Messenger-RNA Vaccines

 

Conventionally vaccine contain a tiny-weakened part of the disease-causing pathogen just enough to teach our body to build the specific antibody so that in case of any real encounter with that pathogen, body is equipped to defeat it. mRNA vaccines on the other hand are quite different from any other vaccines, instead of live or dead pathogen, mRNA vaccine introduces molecules of synthetic RNA into immune cells where the vaccine functions as mRNA, causing the cells to build foreign protein that would normally be produced by a pathogen (such as a virus). These protein molecules stimulate an adaptive immune response which teaches the body to identify and destroy the corresponding pathogen.

 

Advantages:

·       Safety: As mRNA is a non-infectious, non-integrating platform, there is no potential risk of infection or insertional mutagenesis. Additionally, mRNA is degraded by normal cellular processes, and its in vivo half-life can be regulated through the use of various modifications and delivery methods.

·       Efficacy: Various modifications make mRNA more stable and highly translatable. Efficient in vivo delivery can be achieved by formulating mRNA into carrier molecules, allowing rapid uptake and expression in the cytoplasm. mRNA vaccines can be administered repeatedly.

·       Production: mRNA vaccines have the potential for rapid, inexpensive, and scalable manufacturing, mainly owing to the high yields of in vitro transcription reactions.

Side-effects and risks:

·       For those susceptible to an autoimmune response may have an adverse reaction to RNA vaccines. The mRNA strands in the vaccine may result an unintended immune reaction causing the body to believe itself to be sick. To minimize this, mRNA sequences in mRNA vaccines are designed to mimic those produced by host cells.

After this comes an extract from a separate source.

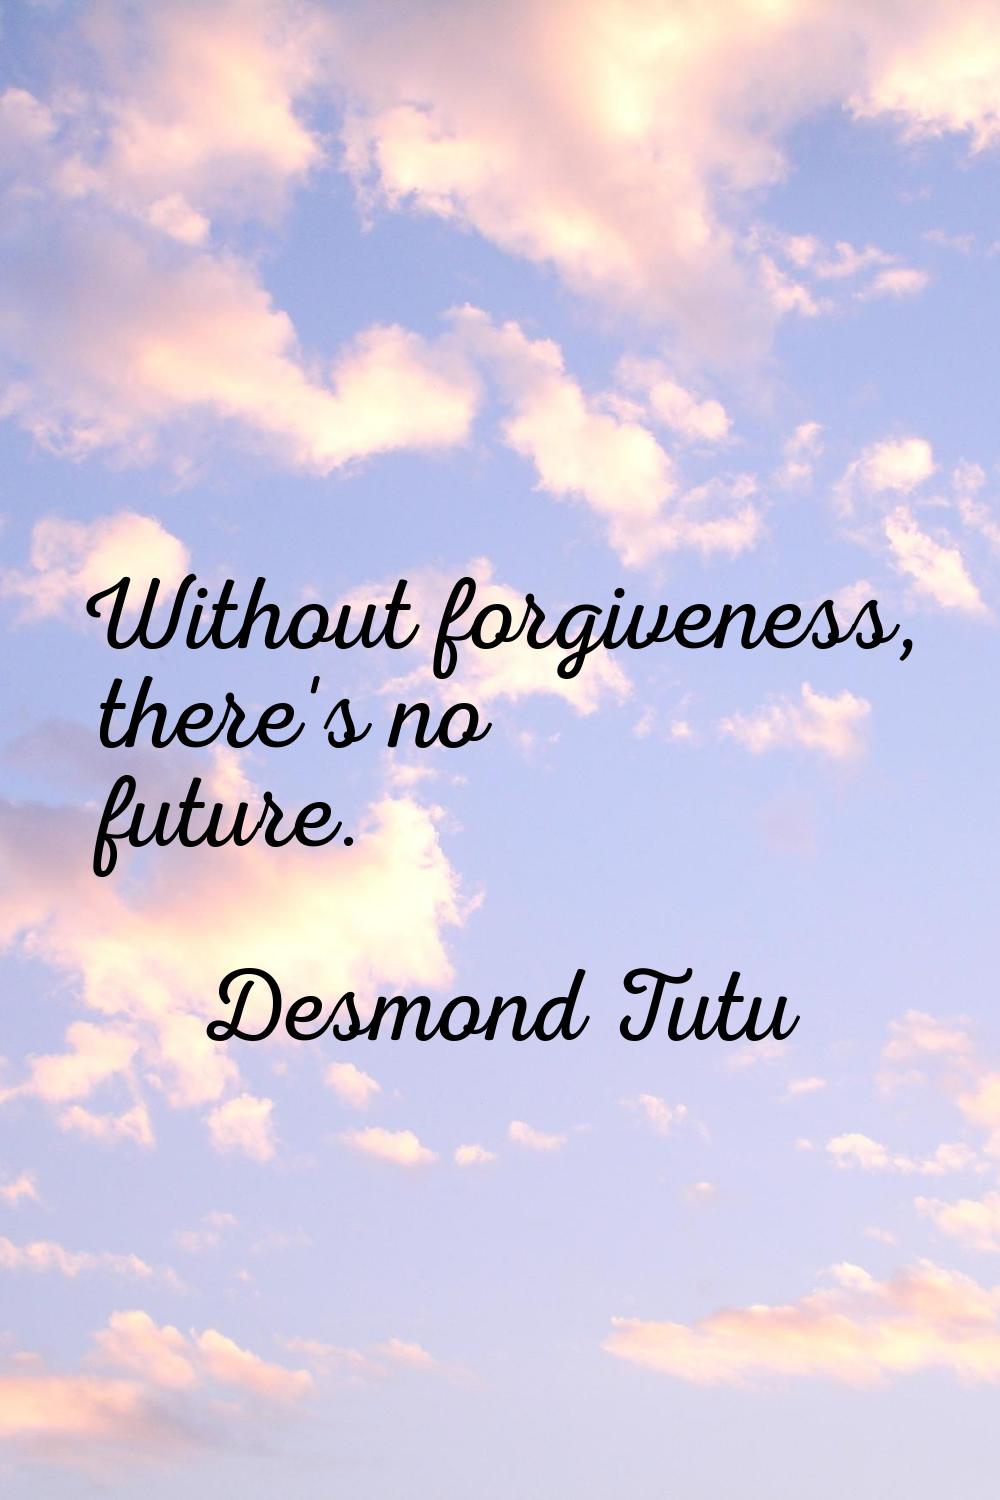 Without forgiveness, there's no future.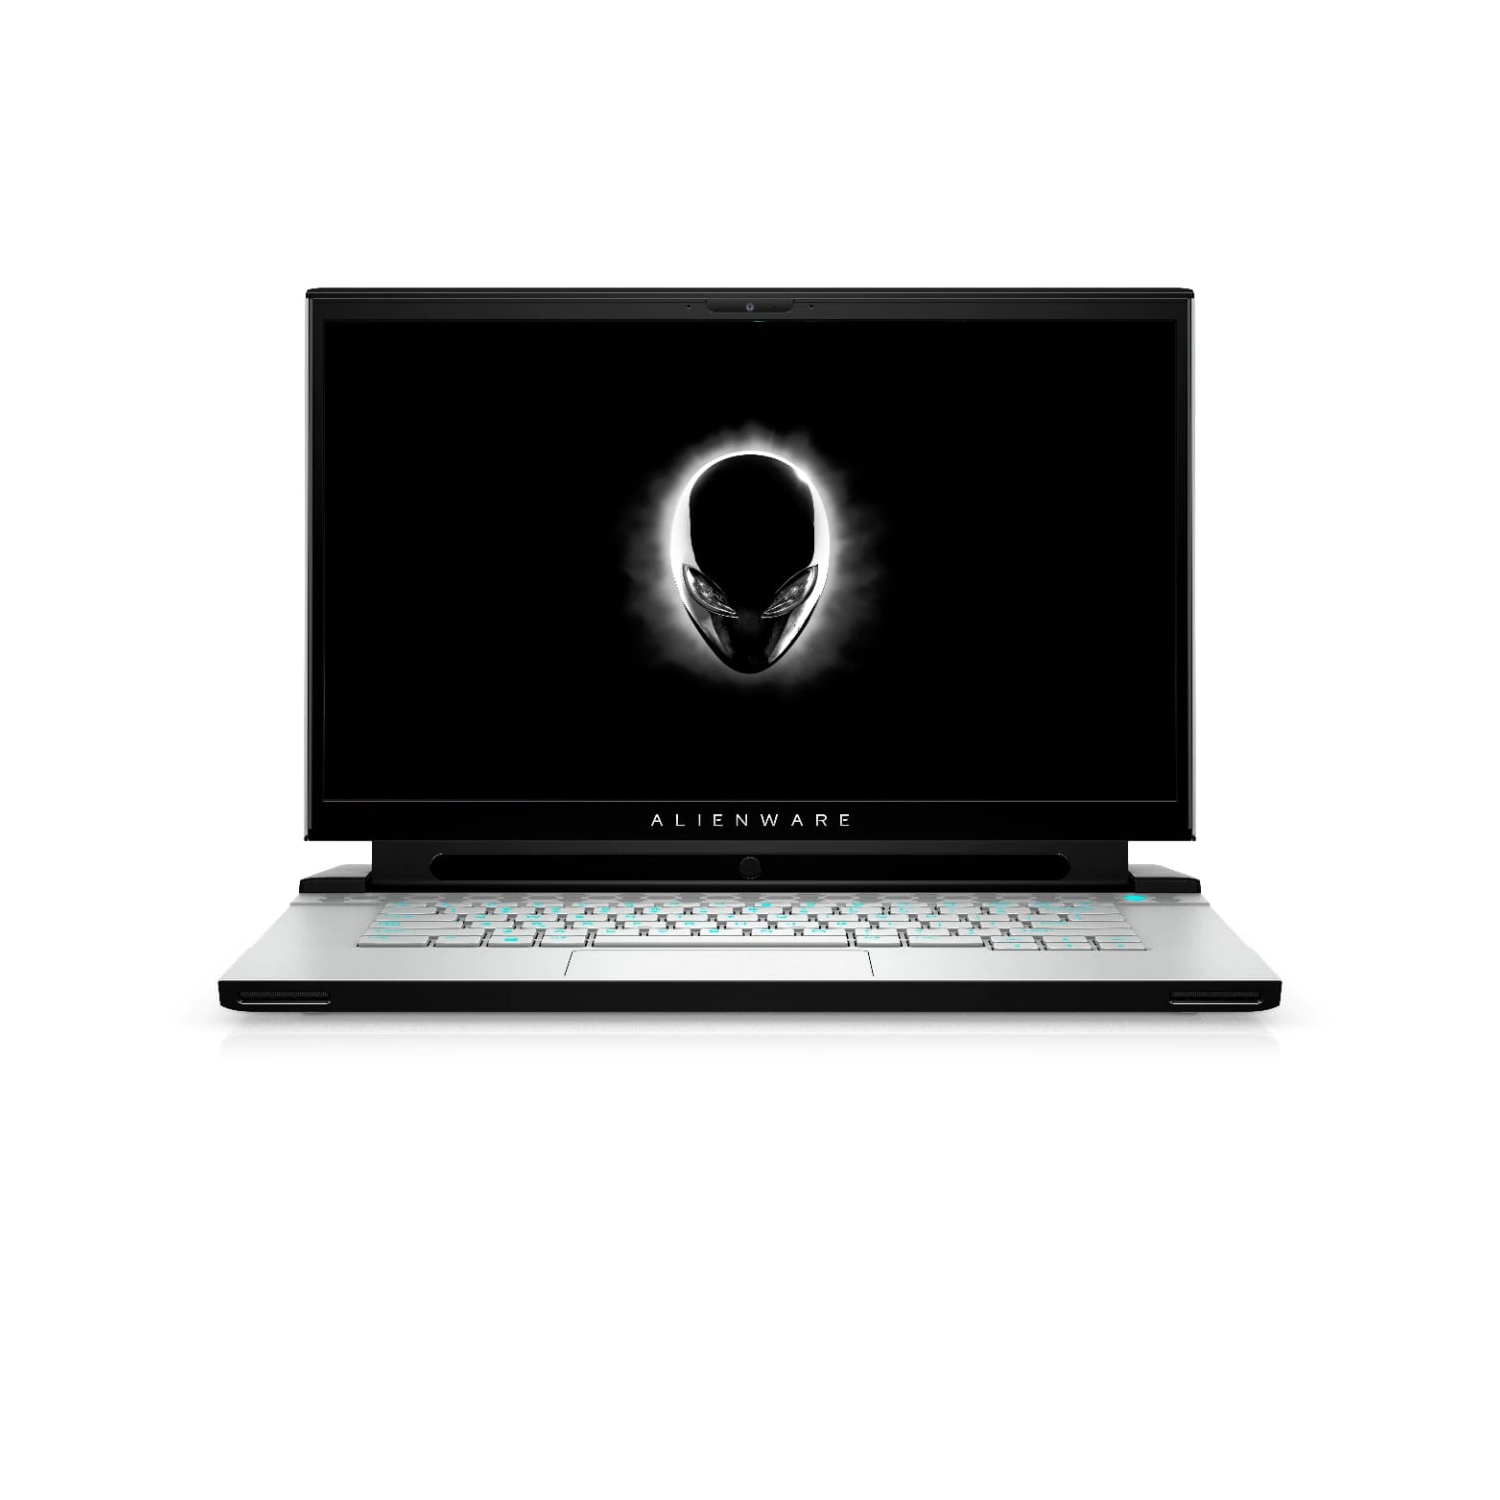 Refurbished (Excellent) - Dell Alienware m15 R3 Gaming Laptop (2020), 15.6" FHD, Core i7, 1TB SSD, 32GB RAM, 2080 SUPER, 6 Cores @ 5 GHz, 10th Gen CPU Certified

·       Because mRNA is fragile, some vaccines must be kept at very low temperatures to avoid degrading and thus giving little effective immunity to the recipient.

 

Fight against COVID-19:

After focusing on mRNA for her entire courier, the 66-year-old Katalin Kariko is now celebrated as one of the heroes of Covid-19 vaccine development. Her work, in collaboration with Dr Drew Weissman of the University of Pennsylvania, laid the foundation for the stunningly successful vaccines made by Pfizer-BioNTech and Moderna. It is yet to discover why the novel mRNA COVID-19 vaccines have shown efficiency of 90 to 95 percent when the prior mRNA drug trials on pathogens other than COVID-19 were not so promising and had to be abandoned in the early phases of trials. 

 

Working of mRNA COVID-19 vaccines:

COVID-19 mRNA vaccines instruct our cells to make a harmless piece of what is called the “spike protein” --- protein found on the surface of the COVID-19 virus.

Step 1. vaccine is given in the upper arm muscle. The muscle cells use the instruction in the vaccine to make the protein piece. After the protein piece is made, the cell breaks down the instructions and gets rid of them.

Step 2. The cell displays the protein piece on its surface. Once our immune system recognizes that the protein belongs to a foreign party, it begins building an immune response and making antibodies, mimicking the course of action in case of a natural infection against COVID-19.

Step 3. After Vaccination, our body is now equipped to fight and protect itself against future infection, without having to risk the serious consequences of getting sick with COVID-19.

Future Scope:

Messenger RNA is claimed to have an incredible future. Researchers believe there is scope to develop drugs to deal with HIV, herpes, infant respiratory virus, and malaria, as well as possibly producing a universal flu vaccine.